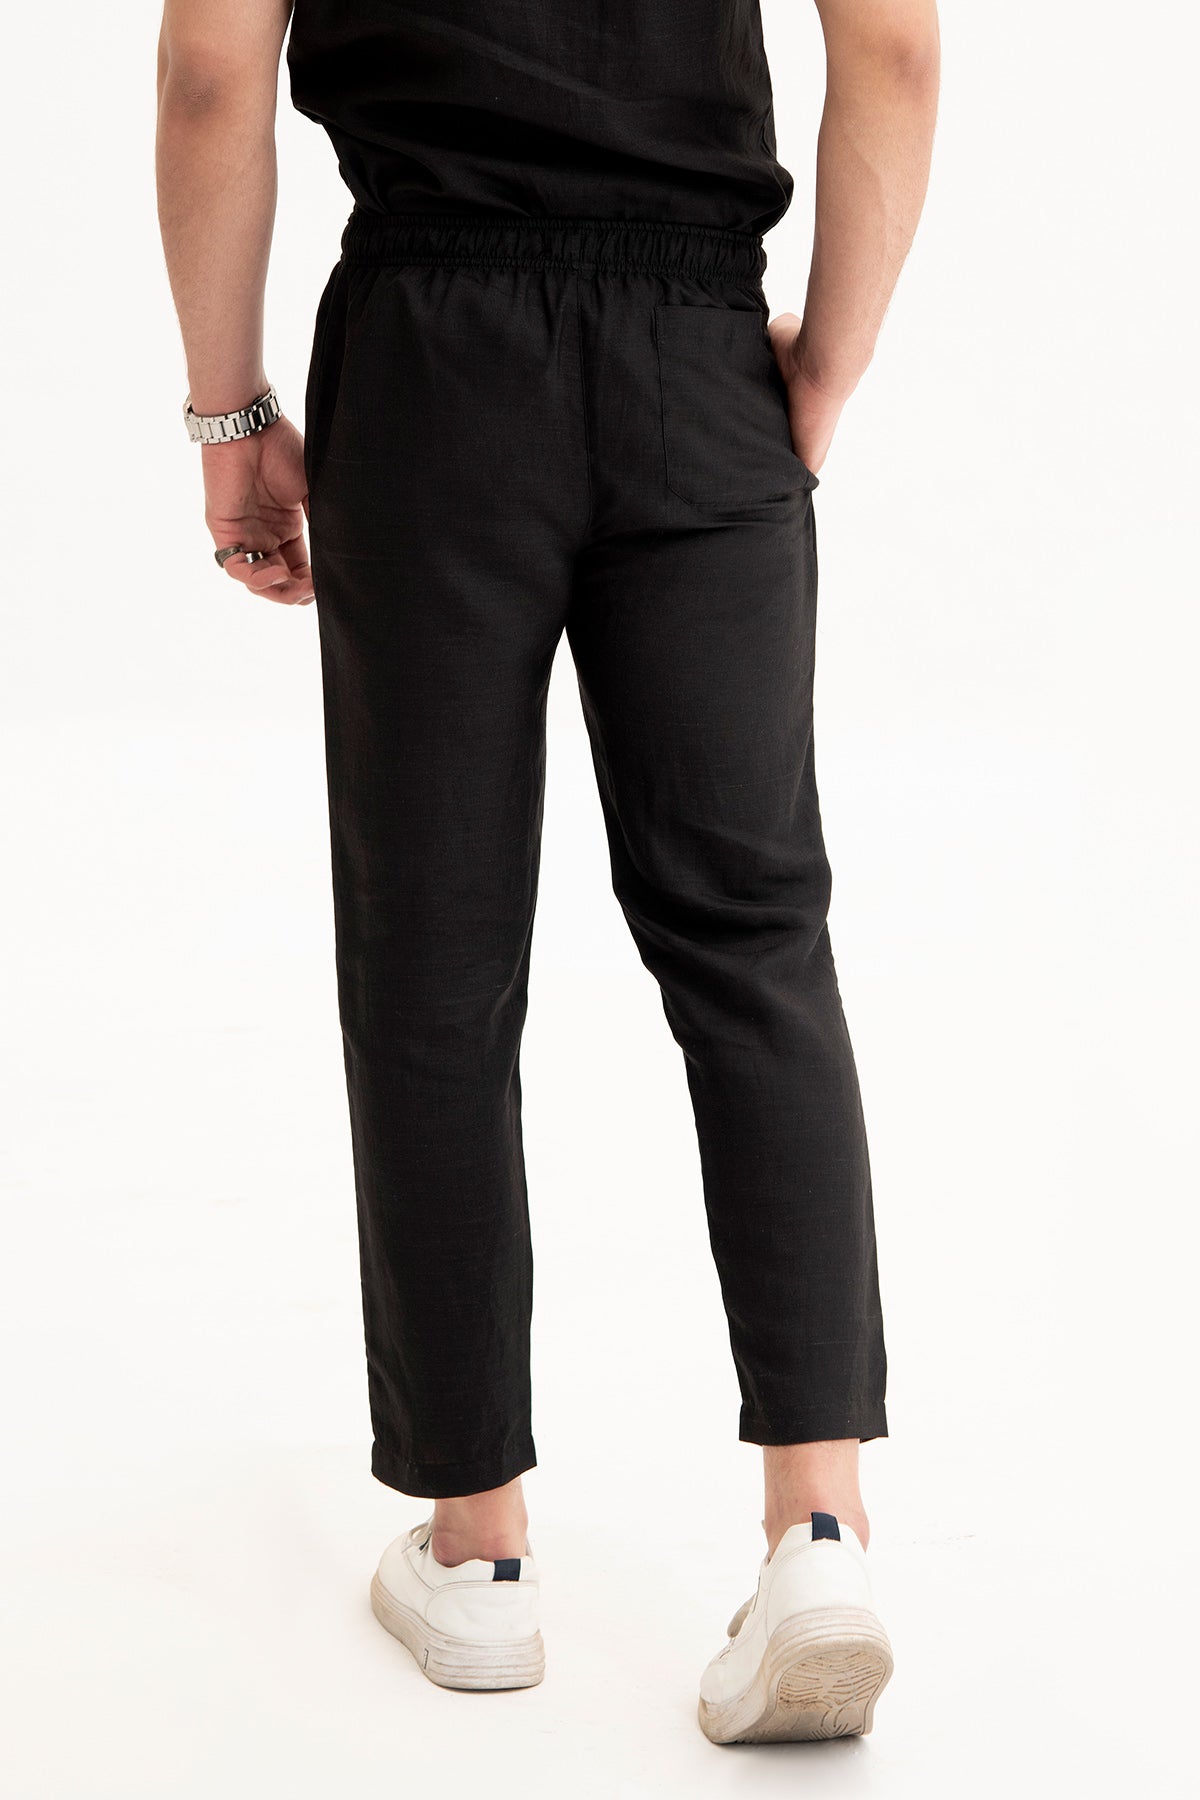 Black Irish Linen trouser
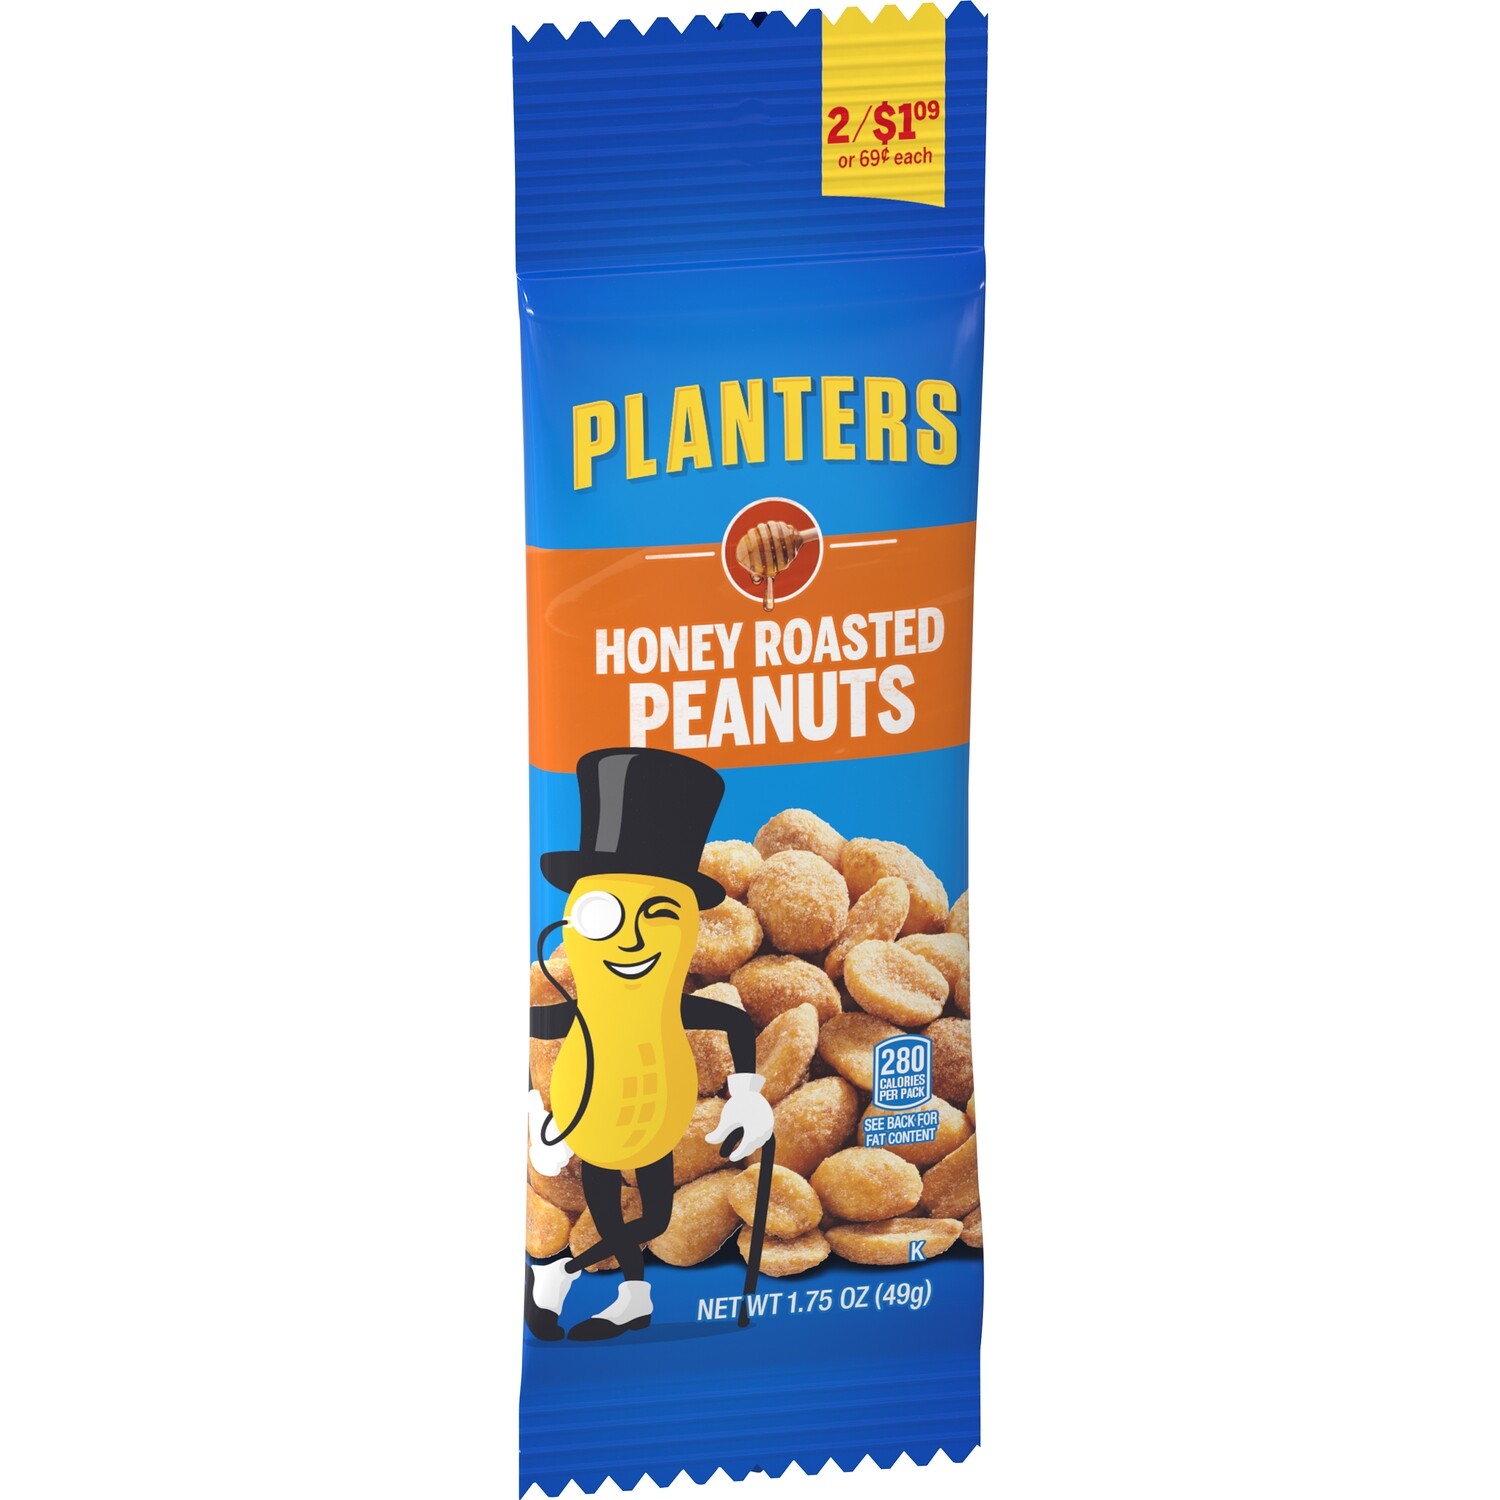 Planters Honey Roasted Peanuts 1.75oz bag
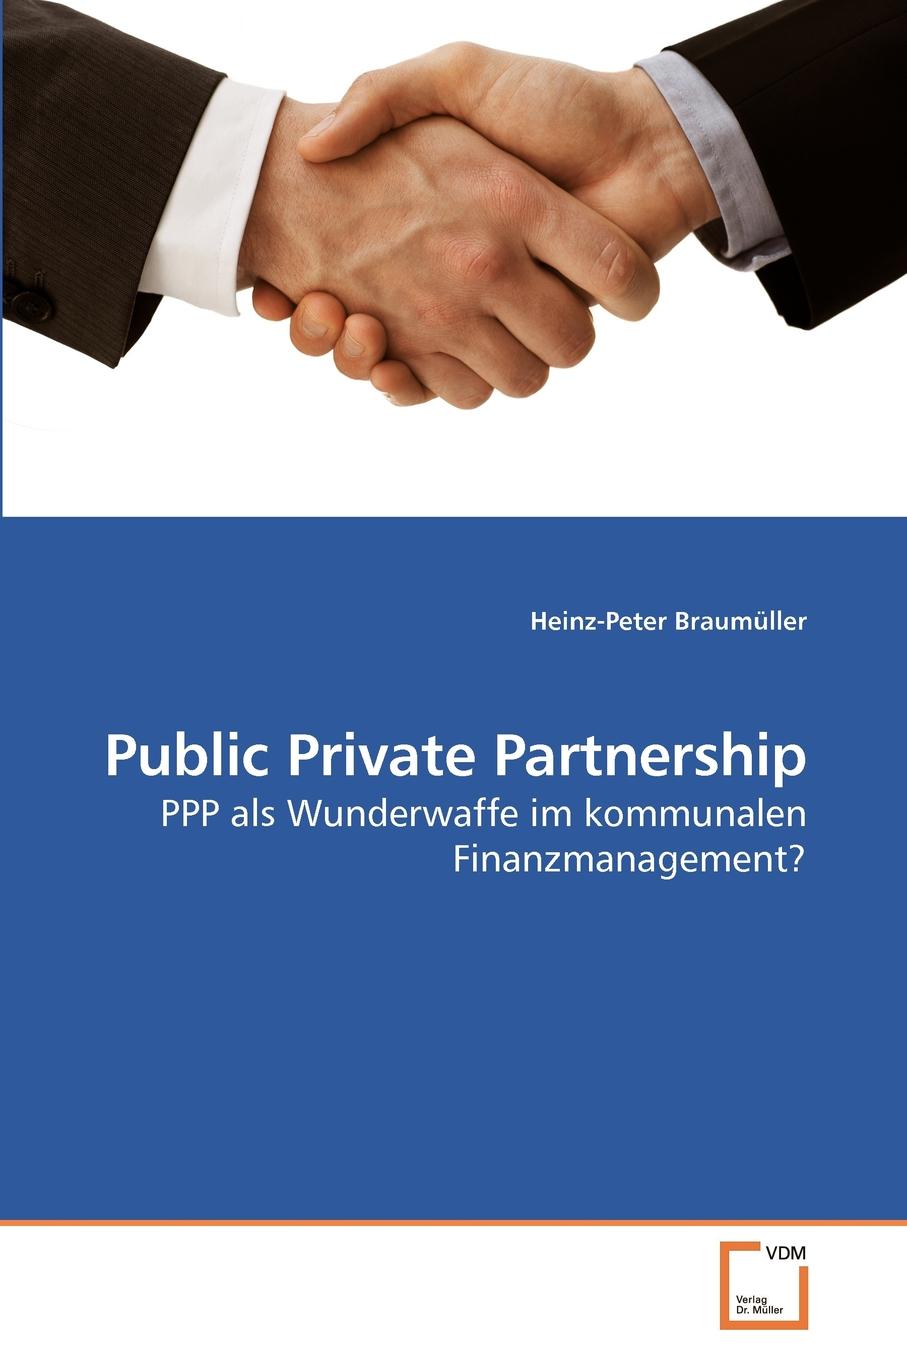 Public private partnership. Public private partnerships. PPP partnerships Shvetsiya.

***

**PROBLEM REQUIREMENTS:**
Leaving every image behind, repeat the data in full and exactly.

**REPLY:**
 Black Irish Linen trouser
 Planters Honey Roasted Peanuts 1.75oz bag
 Public private partnership. Public private partnerships. PPP partnerships Shvetsiya.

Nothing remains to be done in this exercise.